Local students have 'Grand Designs'

December 26, 1997


Staff Writer

Two works of art from Washington County high school students are on display at the Baltimore Museum of Art as part of an exhibition from one of the most influential museums in the world.

Notes from Leonardo da Vinci and important furniture by Thomas Chippendale are among 250 exceptional works of art on display at the Baltimore Museum of Art.

The items make up "A Grand Design: The Art of the Victoria and Albert Museum," a London museum founded 145 years ago to inspire designers and promote artistic excellence.


The museum and its collections have had profound impact on museums throughout Europe and the United States.

Students also are being encouraged to participate in the exhibition through a project known as the "The Grand Challenge."

Through the project, students are encouraged to produce their best artwork, which will be judged at the Baltimore museum on Jan. 8.

Students producing the best piece will win a expenses-paid trip to the Victoria and Albert Museum.

Two art classes from South Hagerstown High School and Smithsburg High School have entered artwork in the competition.

In Fay Wastler's art class at South Hagerstown, students took a coffee table they found at the Union Rescue Mission and transformed it into a story about Hagerstown's transportation industry.

On top of the table are 12 pieces of tile, each containing a picture of a type of transportation made in Hagerstown. The images show old Crawford and Pope cars once made in town, Fairchild aircraft and Western Maryland train cars.

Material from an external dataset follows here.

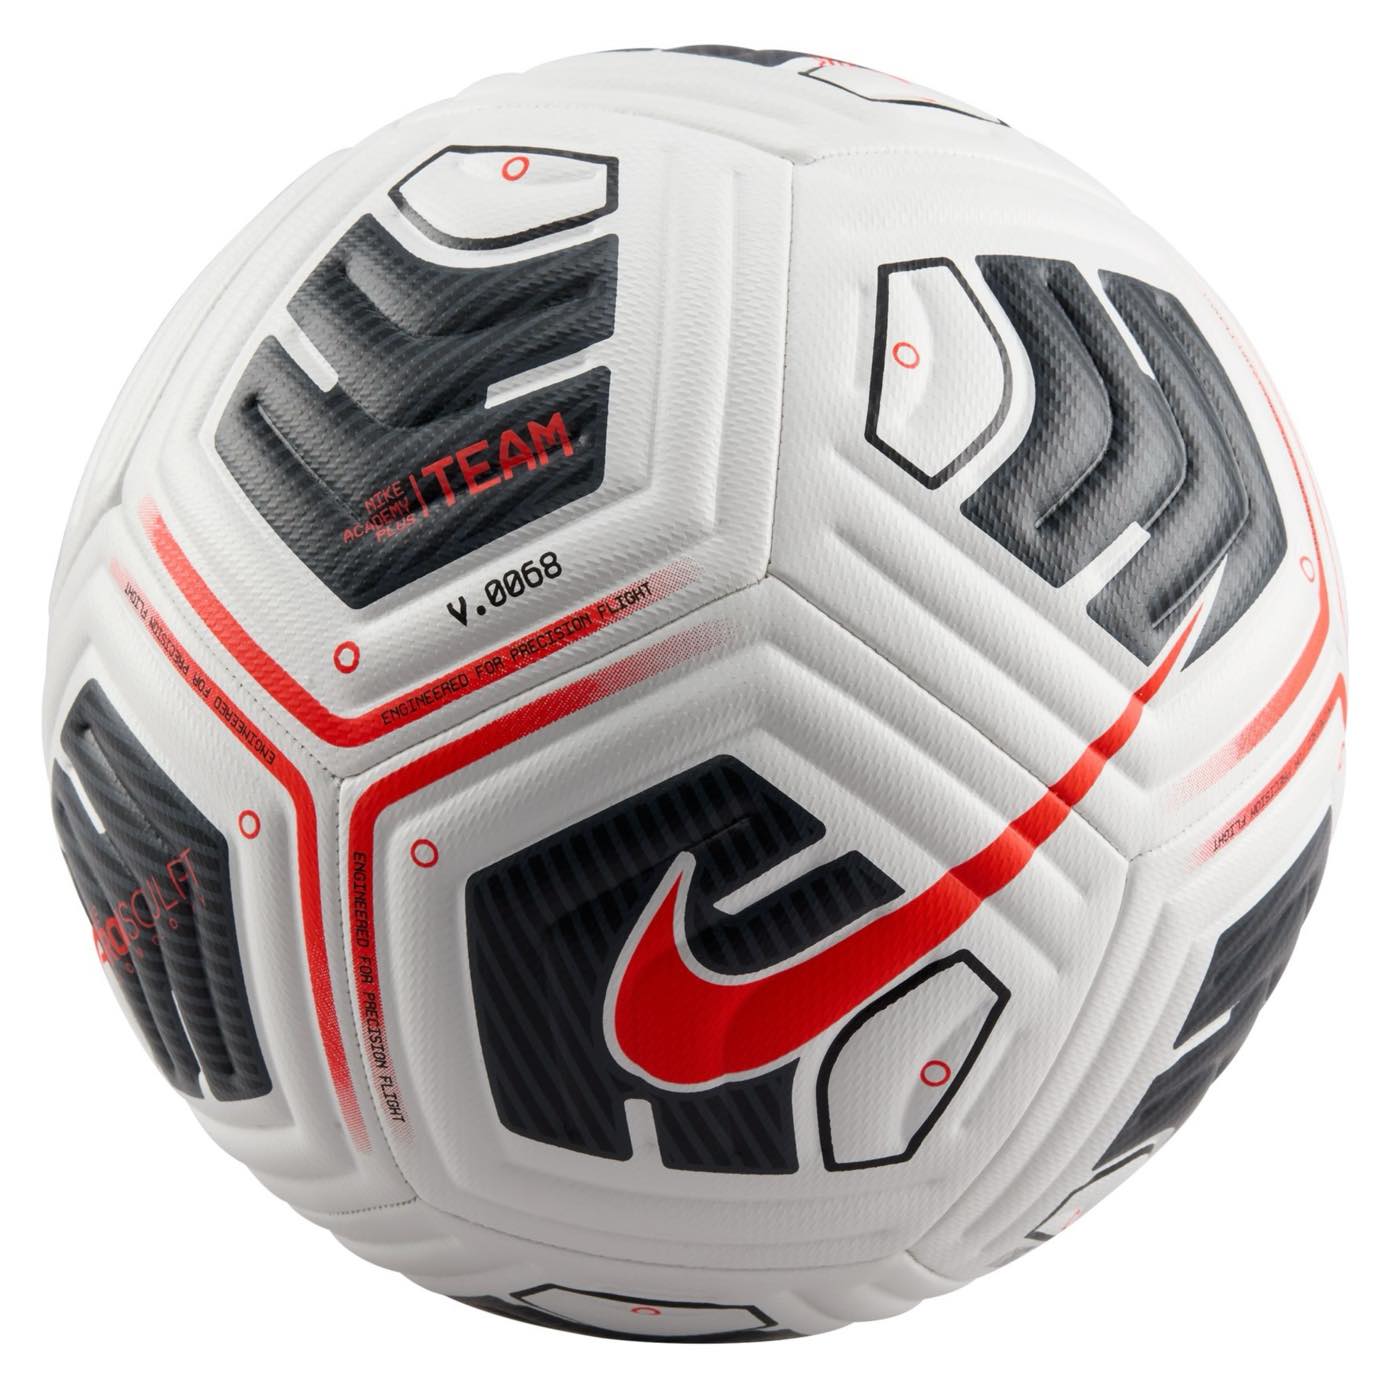 Nike Academy Plus Soccer Ball with Aerowsculpt Technology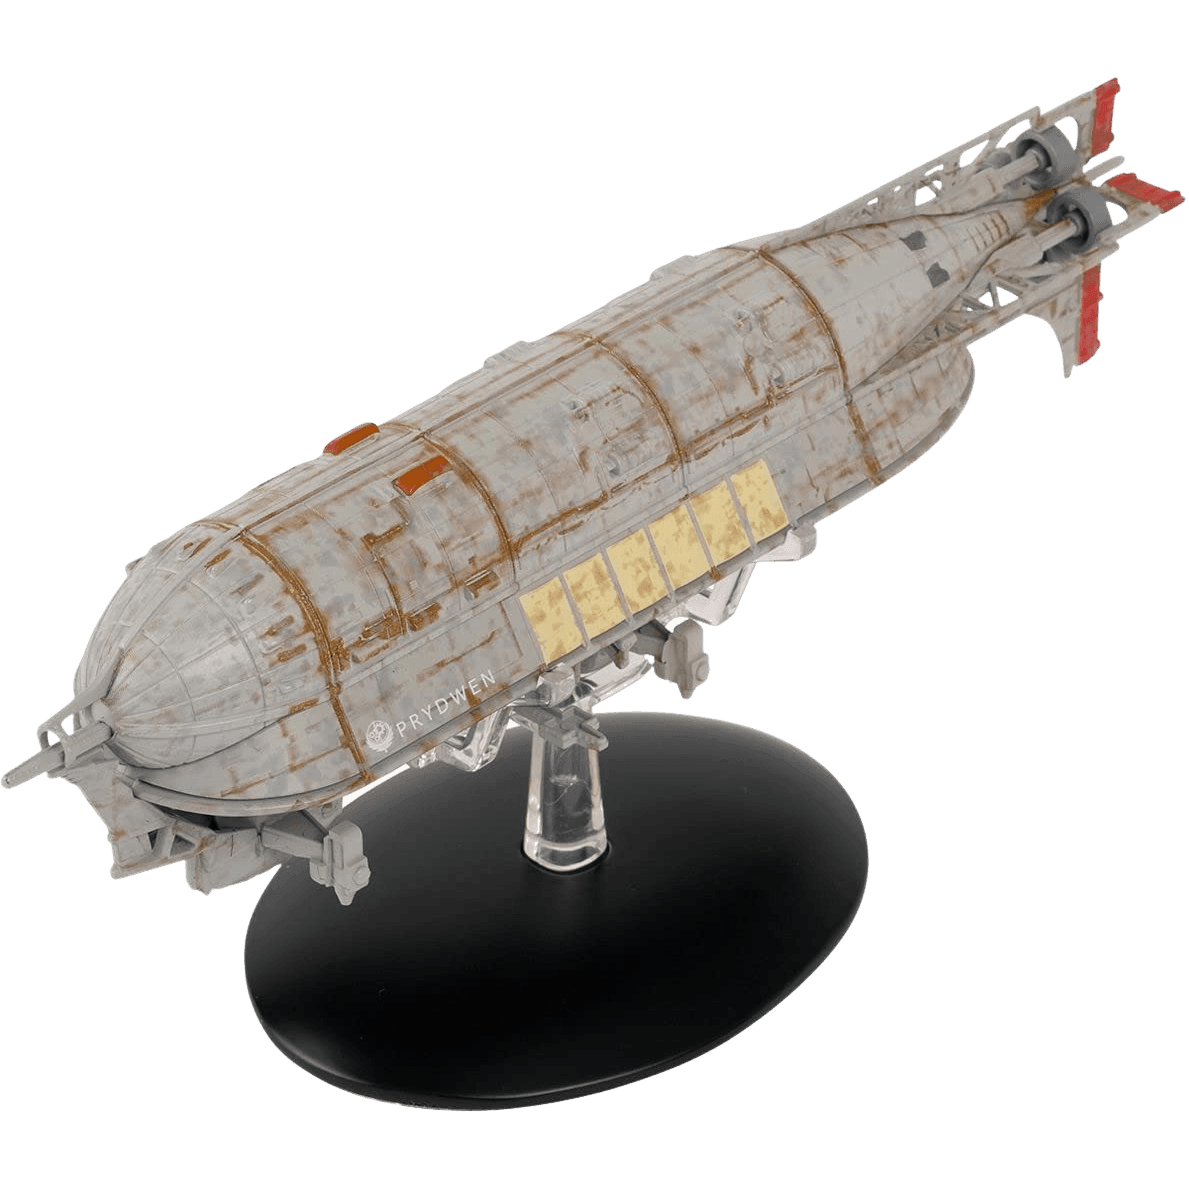 Fallout Prydwen Model Ship Replica (Eaglemoss Collections) - The Card Vault

"They painted it beautifully. It was exquisite," said Wastler.

Students in Ragan Rodgers' art class at Smithsburg High gave an ecology lesson with their creation. The students created a 22-inch tall image of a man walking with a child.

The man is holding up the planet Earth, and the child is walking behind him picking up pieces that are falling off the sphere, which symbolizes environmental breakdown, said Rodgers.

"The things that were created were incredible as far as imagination," said Stacey Shelnut, assistant director for the education and community department of The Baltimore Museum of Art.

Schools across the state were invited to participate in the contest. The student works are on the lower level of the museum and the art of the Victoria and Albert Museum collection are on the main floor, Shelnut said.